Never missing an opportunity to shoot itself in the foot, Qatar has adopted a new law that is likely to convince critics that it aims to put a friendly face on its kafala (sponsorship) system, rather than radically reform a legal framework that has been dubbed modern slavery.

Qatar has been under pressure since winning the hosting rights for the 2022 FIFA World Cup to reform, if not abolish the kafala system, which puts workers at the mercy of their employer. Requirements that employees obtain permission from their employer to switch jobs or travel abroad were among the main provisions of the sponsorship system targeted by activists.

The new law streamlines procedures, but does not fundamentally change them. Under the new law, employees can seek new employment once their labor contract has expired rather than at any given point. (Although the law has been signed by Qatar’s ruler, Sheikh Tamim bin Hamad al-Thani, it will only take effect after a year.)

The law abolishes the requirement that employees leave the country for two years before seeking new employment in Qatar if an employer refuses to grant a no objection certificate. Employees who want to switch jobs before the termination of their labor contract would still need to obtain permission from their sponsors, as well as the Ministries of Interior and Labor. Employees with open-ended contracts would only be allowed to switch jobs after having served five years.

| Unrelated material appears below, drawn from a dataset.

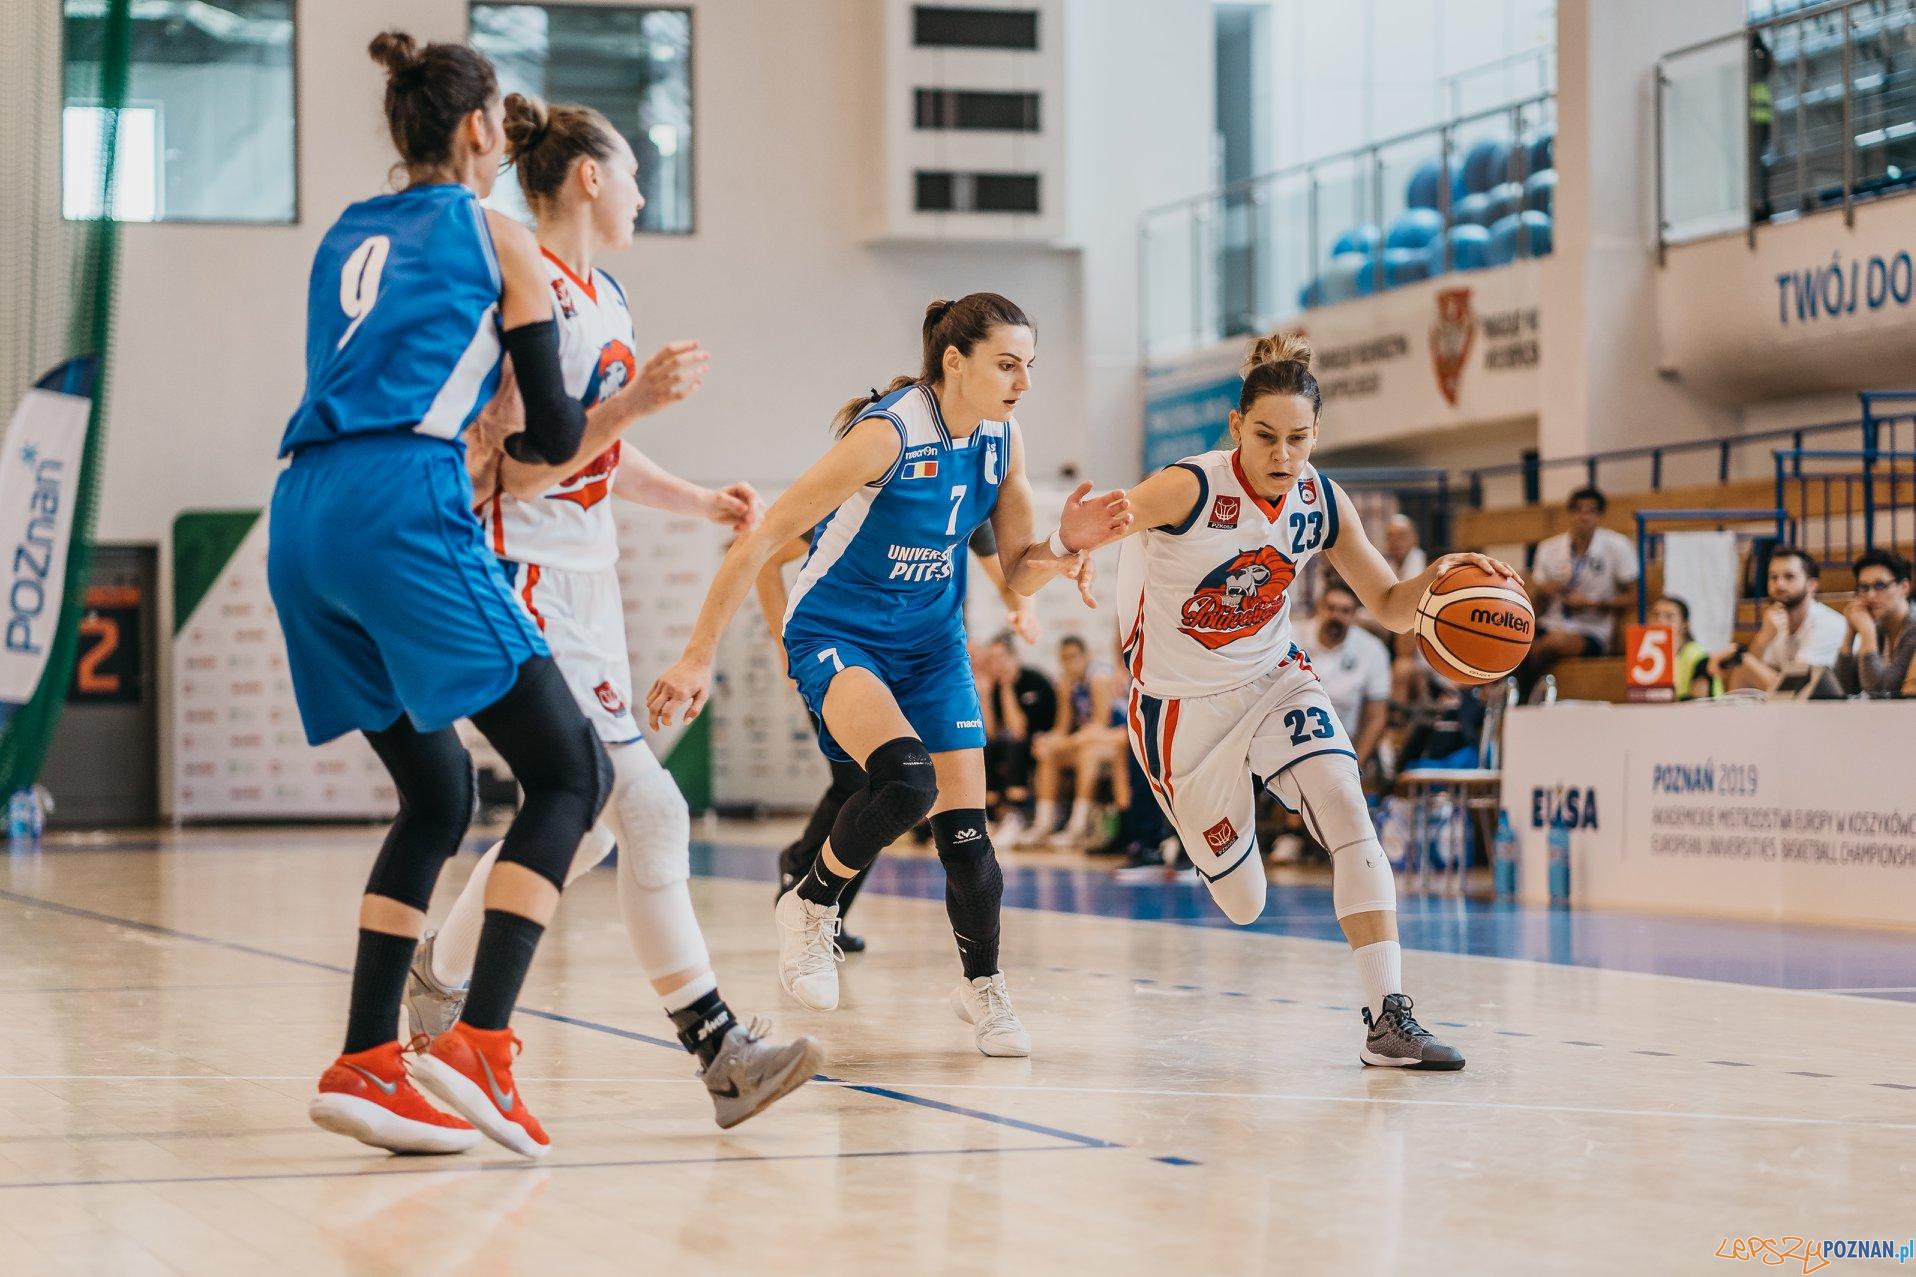 Akademickie Mistrzstwa Europy w Koszykówce  Foto: AZS / materiały prasowe

The law states that in order to obtain an exit visa, employees must inform the Ministry of Interior three days before their planned departure. The ministry rather than the employee would then obtain the employer’s consent. The law also grants employees the right to appeal if the employer refuses permission.

Qatar earlier adopted a law that comes into effect next week, which obliges employers to pay salaries and wages by bank transfer to ensure on-time payment of workers.

Qatar’s labor system is a focal point of widespread criticism due to the awarding of the 2022 FIFA World Cup. Despite Qatar’s slow and disappointing moves to reform its labor system, the awarding of hosting rights has already sparked change that has, so far, failed to convince critics of the state’s sincerity in the absence of measures that amount to more than a streamlining of the existing framework.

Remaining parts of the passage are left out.